Setting: Present-day, mostly indoor, vivid and immersive

Plot: Ex-US special forces mercenary is blackmailed by narcissistic tycoon into getting him a cold glass of root beer. Storyline features over 200 characters and branches out into a web of corporate treachery and espionage. Extremely talky and farcical.

Cast of Characters:
Nick Killguy: Player character and protagonist of the game story. Highly trained and decorated US special forces veteran. Obligated to retire when an experimental chemical weapons inoculation mutated elements of his endocrine system and causing persistent and unmanageable pig-sweating and BO. This impacts gameplay as if he remains stealthed in an area too long, enemies will begin to say, "What's that smell...?" Following his discharge, Killguy went to work as a freelance "consultant" and "eliminator" prior to being abducted by Mr Porciapolous.

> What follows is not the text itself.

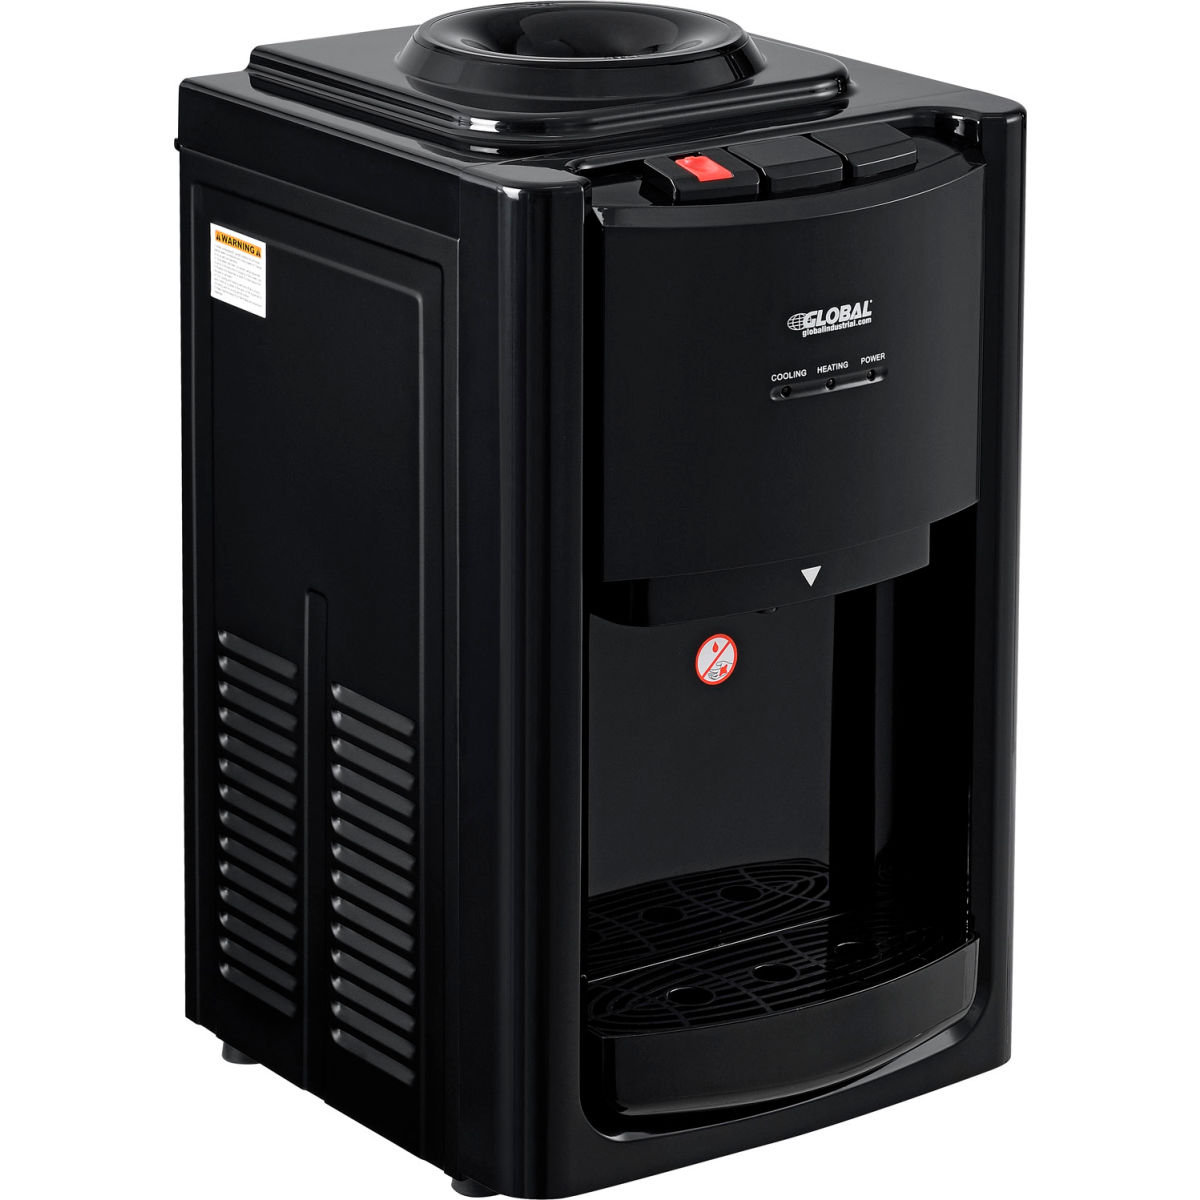 670438 Global Industrial Tri-Temp Countertop Water Dispenser, Black -  TCL Household Appliances

Mr Killguy is a true soldier, in the sense that he is a perfect physical specimen and tactical genius with almost no personality. He is a born follower, and although he is highly assertive and aggressive in a purely professional capacity, he has a very limited range of social behaviors and lacks a sense of direction or purpose. These qualities are his fatal flaw as they allow him to be controlled and used by willful characters.

Deuces Porciapolous: Primary antagonist and main driving force of the game's events. 450-pound Greek Cypriot tycoon who has lost his lower body to circulatory failure and now gets about on an integrated track, much like Mr Shrapnel from "Smash TV". Porciapolous is a financial, scientific, diplomatic and tactical genius, although he comes off as extremely dopey and pathetic due to his high-pitched and heavily accented voice, narcissistic and jealous behavior, and frequent bouts of hypochondria and hyperventilation. He is strong-willed and very cruel.

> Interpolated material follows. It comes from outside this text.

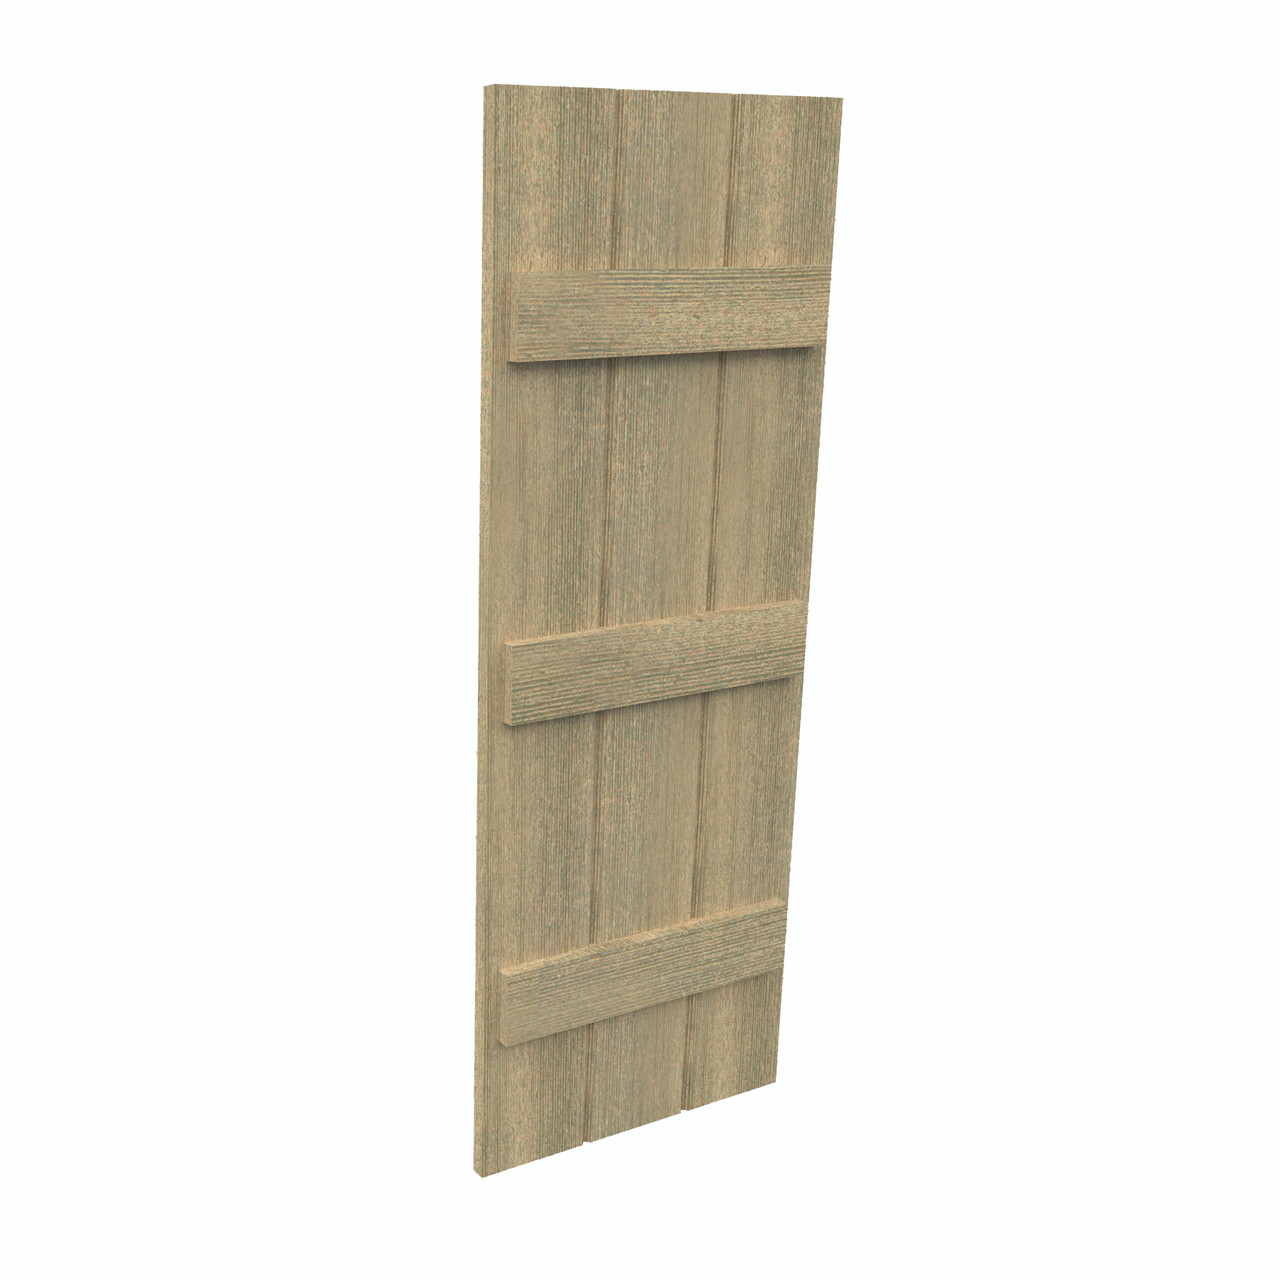 18 inch by 74 inch Plank Shutter with 3-Plank, 3-Batten

Porciapolous captures, deceives and controls Mr Killguy by abducting his girlfriend, appealing to his sense of duty and order, "Yeeou wark fawh MEEEEEEEEEEEE NOWWWWWAAAAA!!! *pant pant pant wheeeeeeeze*". and promising to use his immense wealth and scientific genius to correct the protagonist's pig-sweating and BO.

Porciapolous's goal for the player character, Mr Killguy, is to infiltrate the CocaLand HQ and retrieve the recipe for a sort of root beer he loved when he was only a simple Cypriot peasant boy dreaming of greatness. After this recipe is obtained, about a third of the way through the game, Porciapolous begins demanding a particular cup, now in the ownership of another wealthy eccentric...

Bessie Clovis: Mr Killguy's girlfriend. Stereotypical all-American bombshell blonde who fell in love with his manhood after he did her on the hood of his Chevy Camero. Absolutely, obsessively, mindlessly dedicated to her man. Exposure to high levels of PCBs and radioactive cobalt growing up in West Virgina have rendered her both without a functional sense of taste or smell, a bit "light-headed", and completely immune to the negative effects of junk food. Regularly eats dish sponges by accident because "da calawr and taste is sawh adarable".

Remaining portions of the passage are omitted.